To find the value of \(\left(\frac{a^{2}}{b^{2}}+\frac{b^{2}}{a^{2}}\right)\), we square both sides of the simplified equation:

\[
\left(\frac{a}{b} + \frac{b}{a}\right)^2 = 5^2
\]

This yields:

\[
\frac{a^2}{b^2} + 2\left(\frac{a}{b}\cdot\frac{b}{a}\right) + \frac{b^2}{a^2} = 25
\]

Given that \(\frac{a}{b}\cdot\frac{b}{a} = 1\), we simplify further:

\[
\frac{a^2}{b^2} + \frac{b^2}{a^2} + 2 = 25
\]

Step 3: Isolate the Target Expression

Subtracting 2 from both sides to isolate the expression gives us:

\[
\frac{a^2}{b^2} + \frac{b^2}{a^2} = 25 – 2 = 23
\]

Conclusion

Therefore, the value of the expression \(\left(\frac{a^{2}}{b^{2}}+\frac{b^{2}}{a^{2}}\right)\) is \(\textbf{23}\), making the correct answer:

(c) \(\textbf{23}\)

This solution methodically derives the value of the given expression by leveraging the initial condition and algebraic manipulation, leading to a clear and logical conclusion.

Calculation of Water Levels in Jars with Different Capacities

This problem presents a scenario where equal volumes of water are introduced into two jars of distinct capacities. Here’s a breakdown of the situation and the outcome when the water from one jar is transferred to the other.

Initial Setup

– Larger Jar: When filled with a certain volume of water, it reaches \(\frac{1}{4}\) of its full capacity.
– Smaller Jar: The same volume of water fills this jar to \(\frac{1}{3}\) of its capacity, indicating its smaller size compared to the larger jar.

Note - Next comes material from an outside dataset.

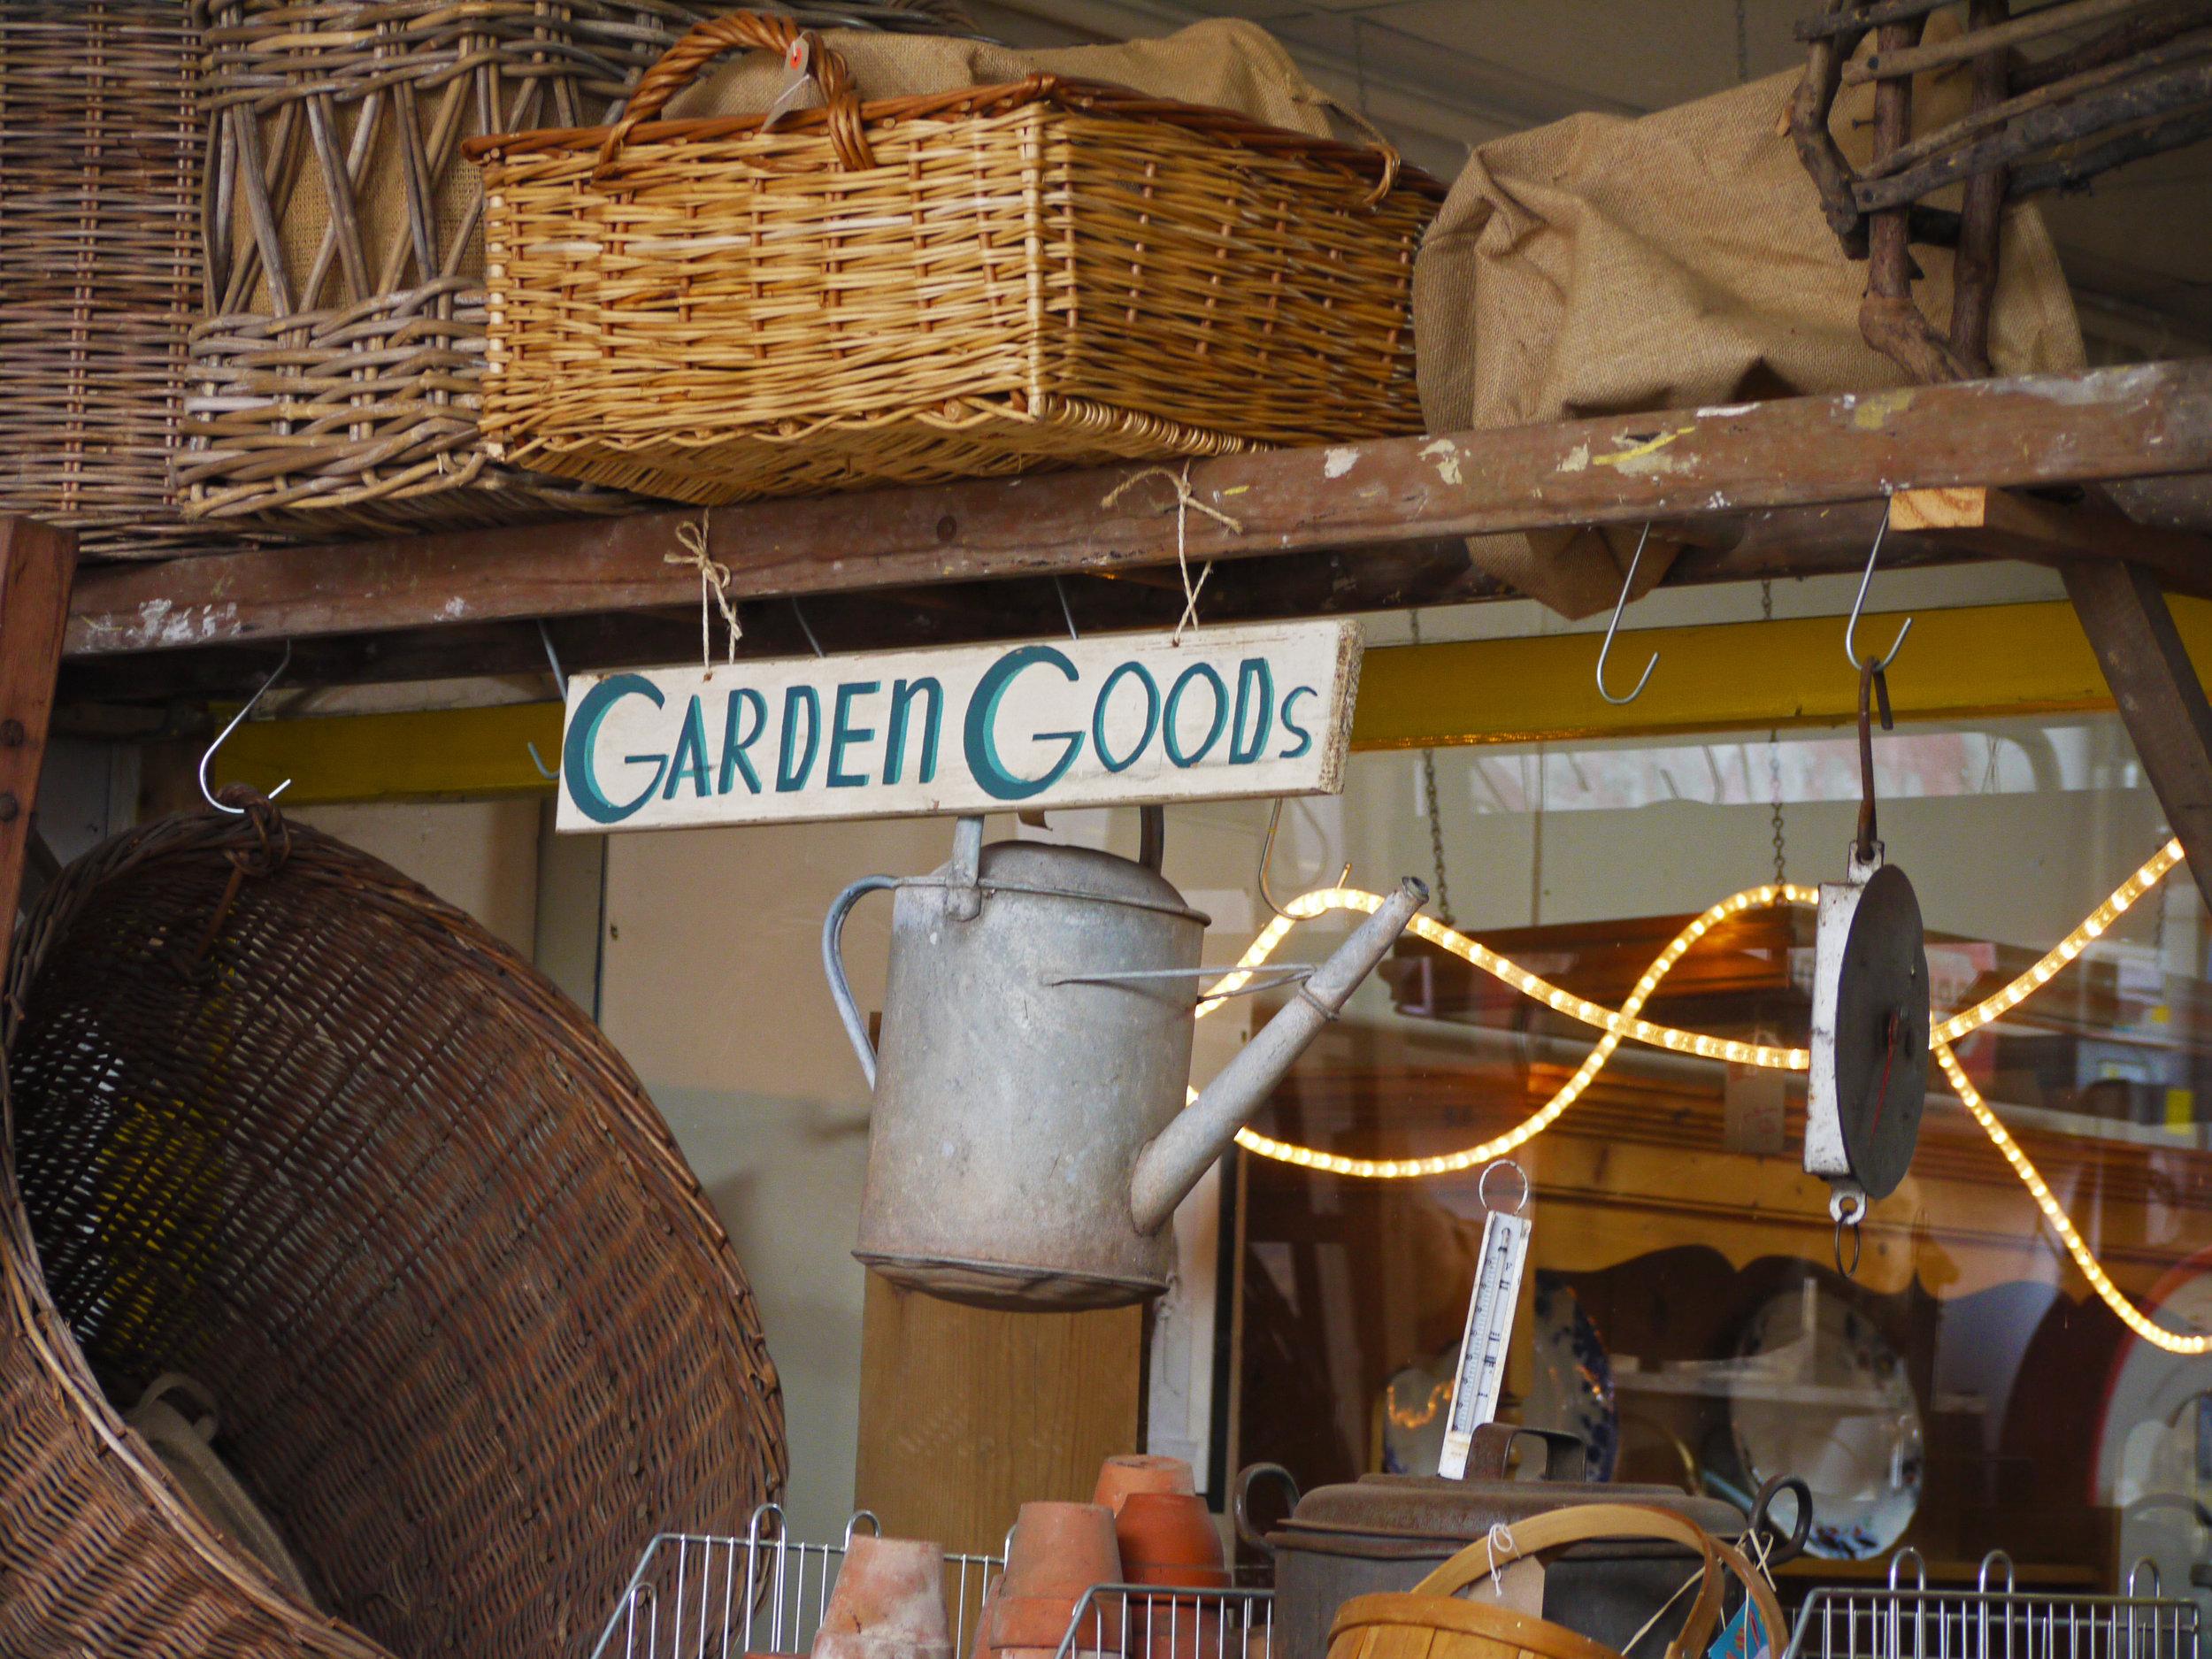 gardengoods.JPG
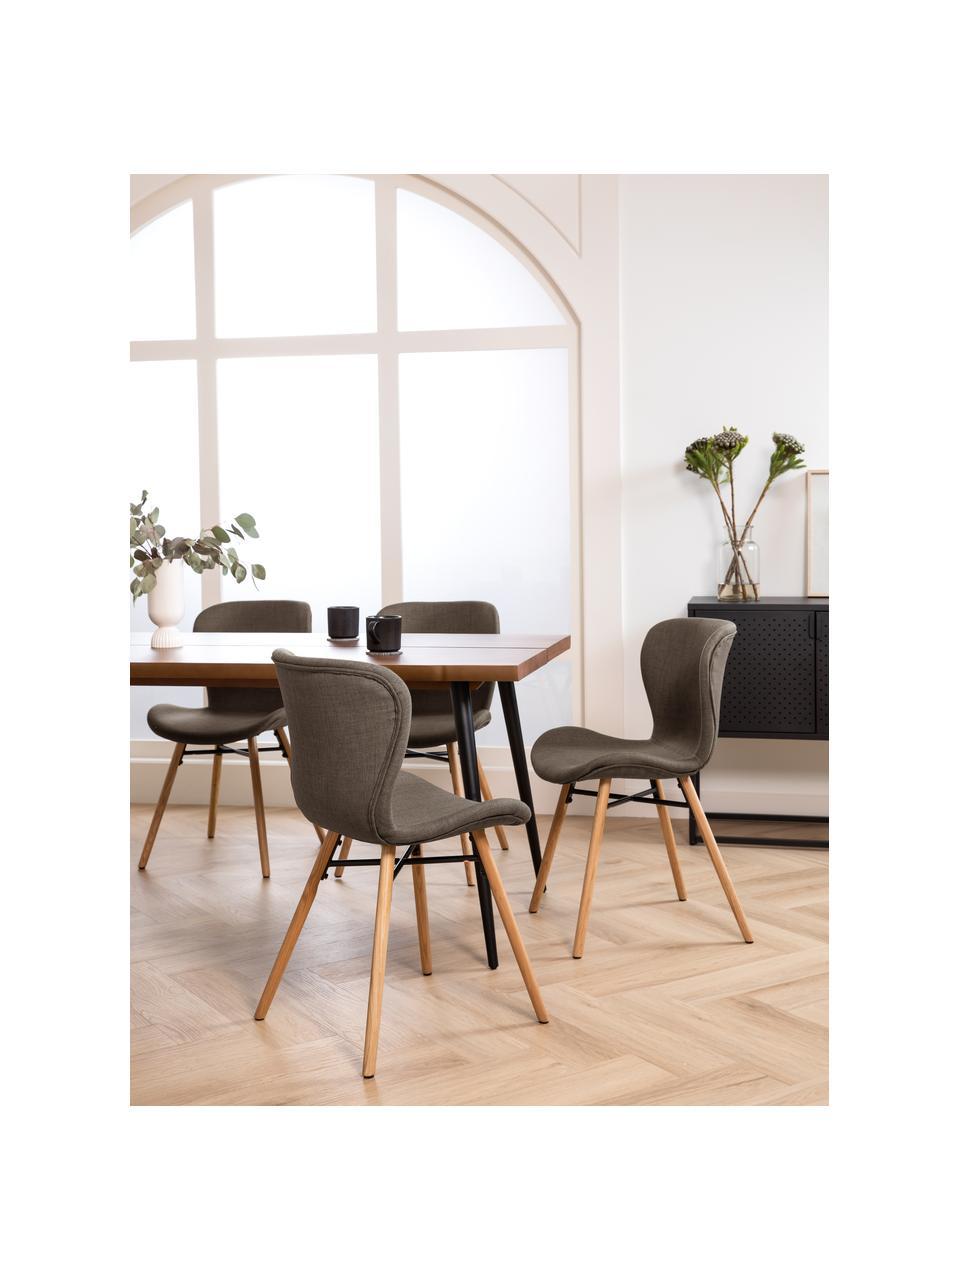 Gestoffeerde stoelen Batilda in kaki, 2 stuks, Bekleding: polyester, Poten: gelakt en geolied massief, Geweven stof kaki, eikenhout, B 47 x D 53 cm

Transfer Process and Outcome

Upon transferring the water from the smaller jar (which is \(\frac{1}{3}\) full) into the larger jar (\(\frac{1}{4}\) full), we aim to understand how the water level changes in the larger jar.

– Observation: Since the initial amounts of water in both jars are equal, transferring the water from the smaller jar to the larger one effectively doubles the amount of water in the larger jar.

– Mathematical Representation: The act of pouring water from the smaller jar doubles the water volume in the larger jar, leading to the equation \(2 \times \frac{1}{4} = \frac{1}{2}\).

Conclusion

Therefore, after the water from the smaller jar is poured into it, the larger jar becomes \(\frac{1}{2}\) full.